» **TASK DESCRIPTION**
In the data below, find the line that contains "n-ermolov-troitskoe_guide-grachev-1908_gpib_p4-5" and the line that contains "epm-print-management-bristol-photography-books-7.jpg". Copy both, plus every line between them, exactly.

» **DATA TO EXAMINE**
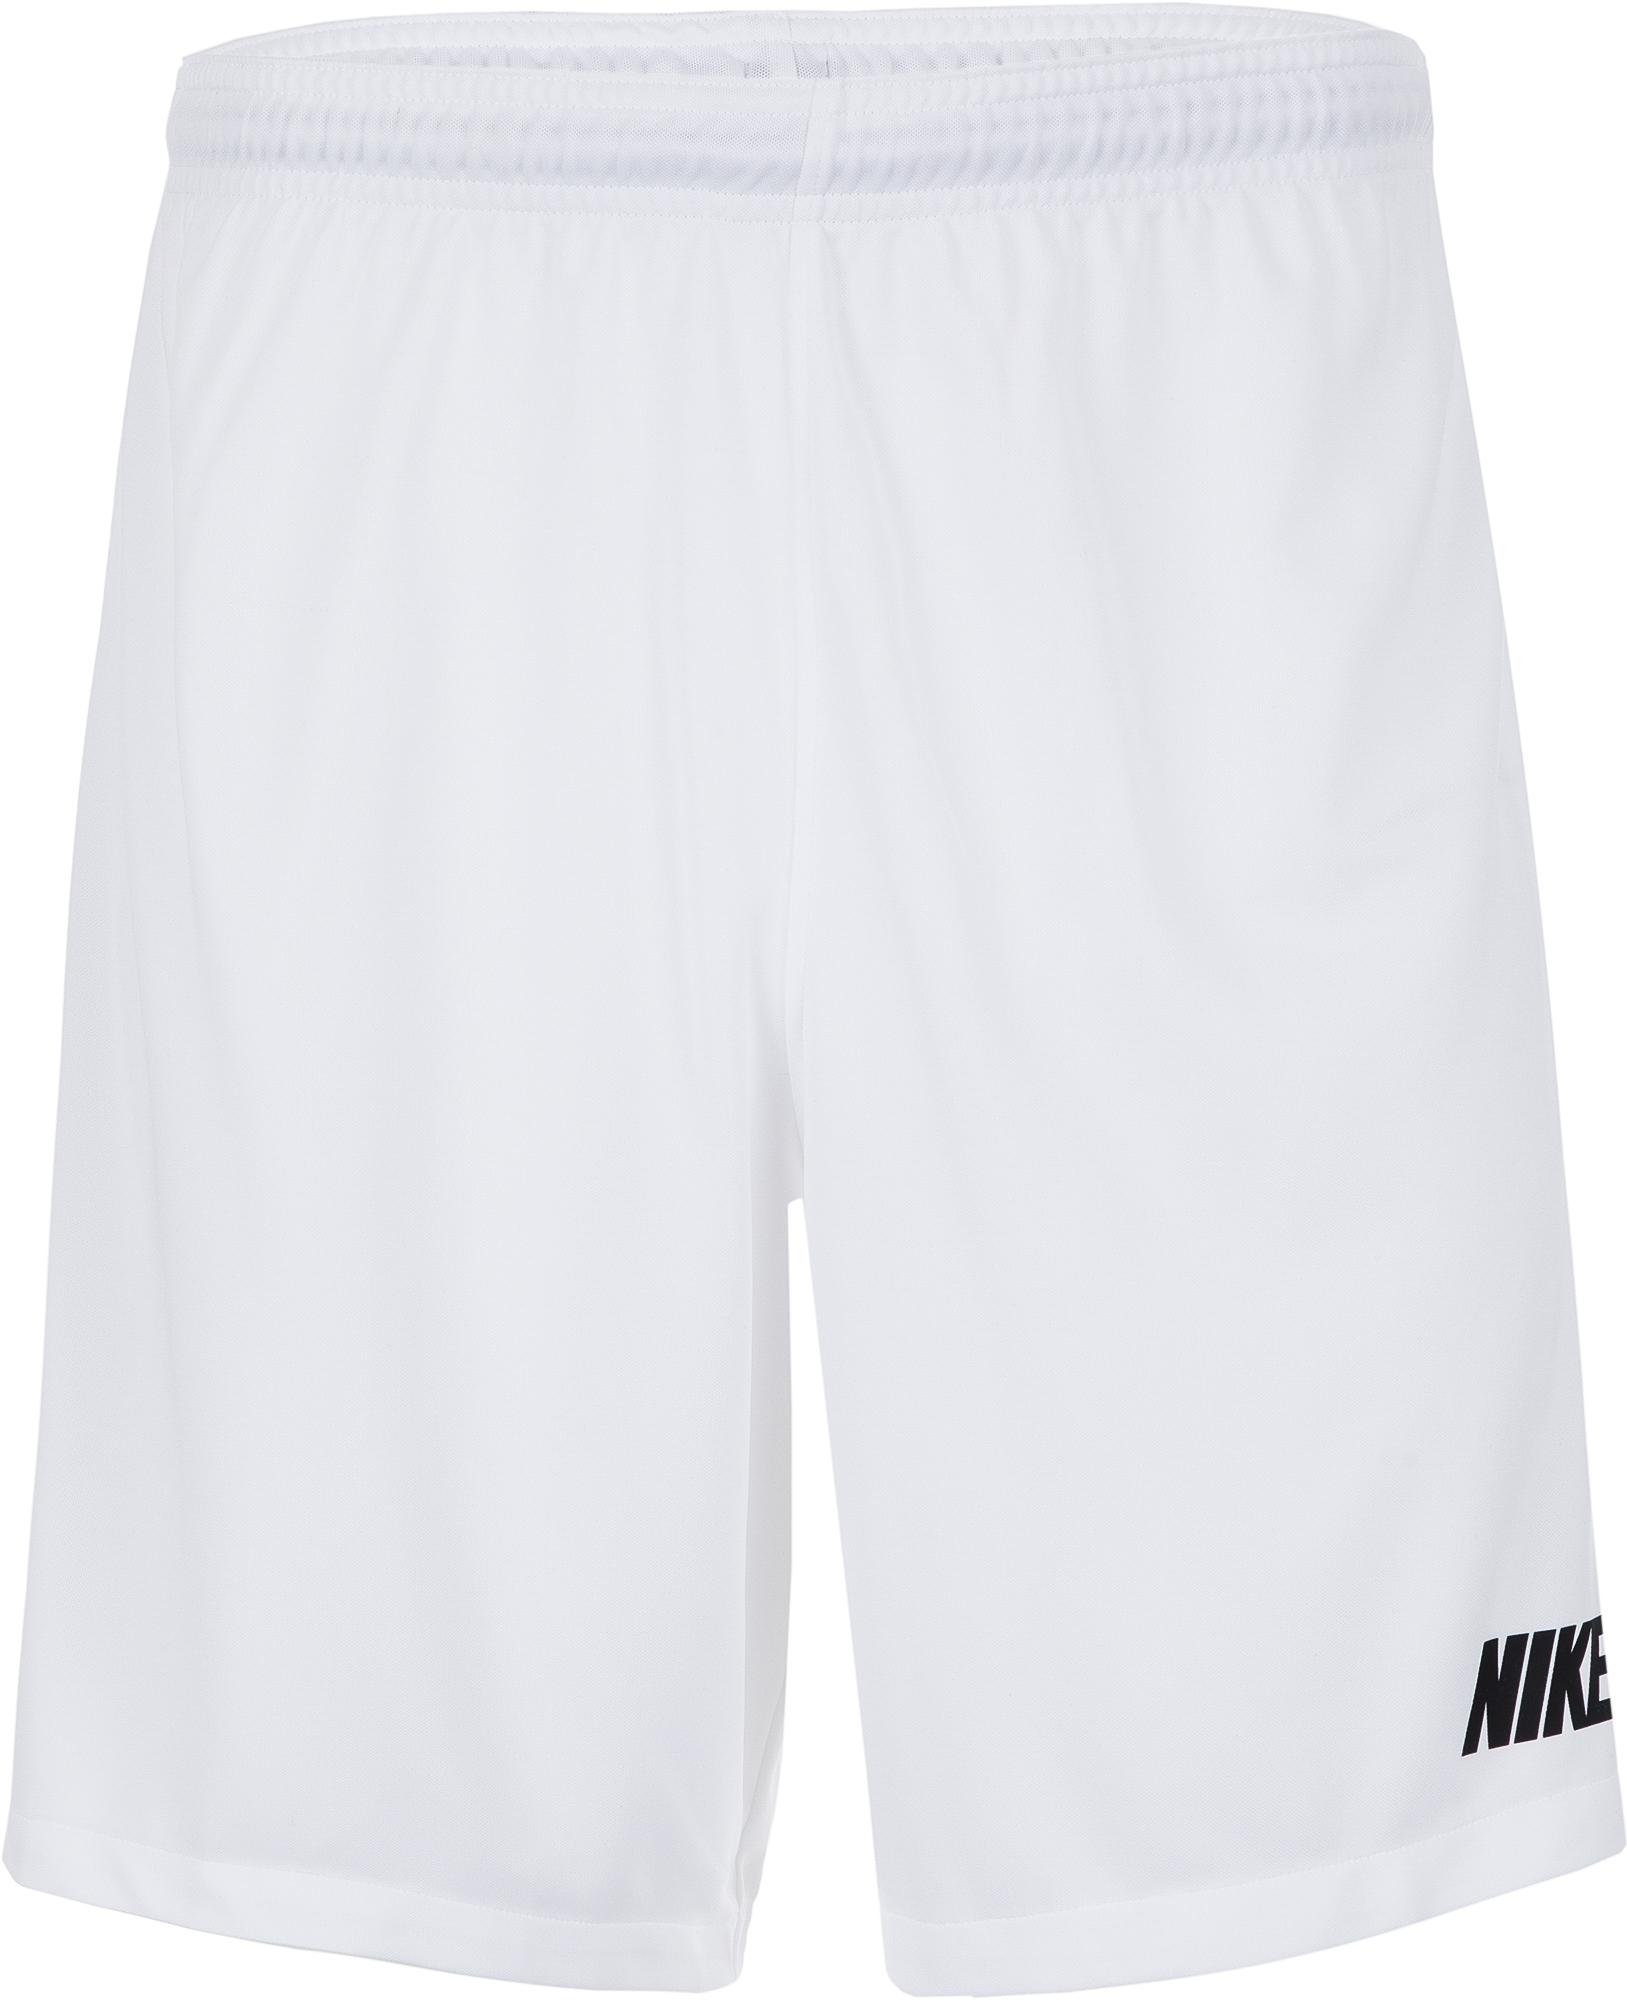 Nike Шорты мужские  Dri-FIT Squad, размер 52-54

* * *

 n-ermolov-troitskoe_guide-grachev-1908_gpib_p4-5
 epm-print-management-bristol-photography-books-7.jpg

» **OUTPUT**
 n-ermolov-troitskoe_guide-grachev-1908_gpib_p4-5
 epm-print-management-bristol-photography-books-7.jpg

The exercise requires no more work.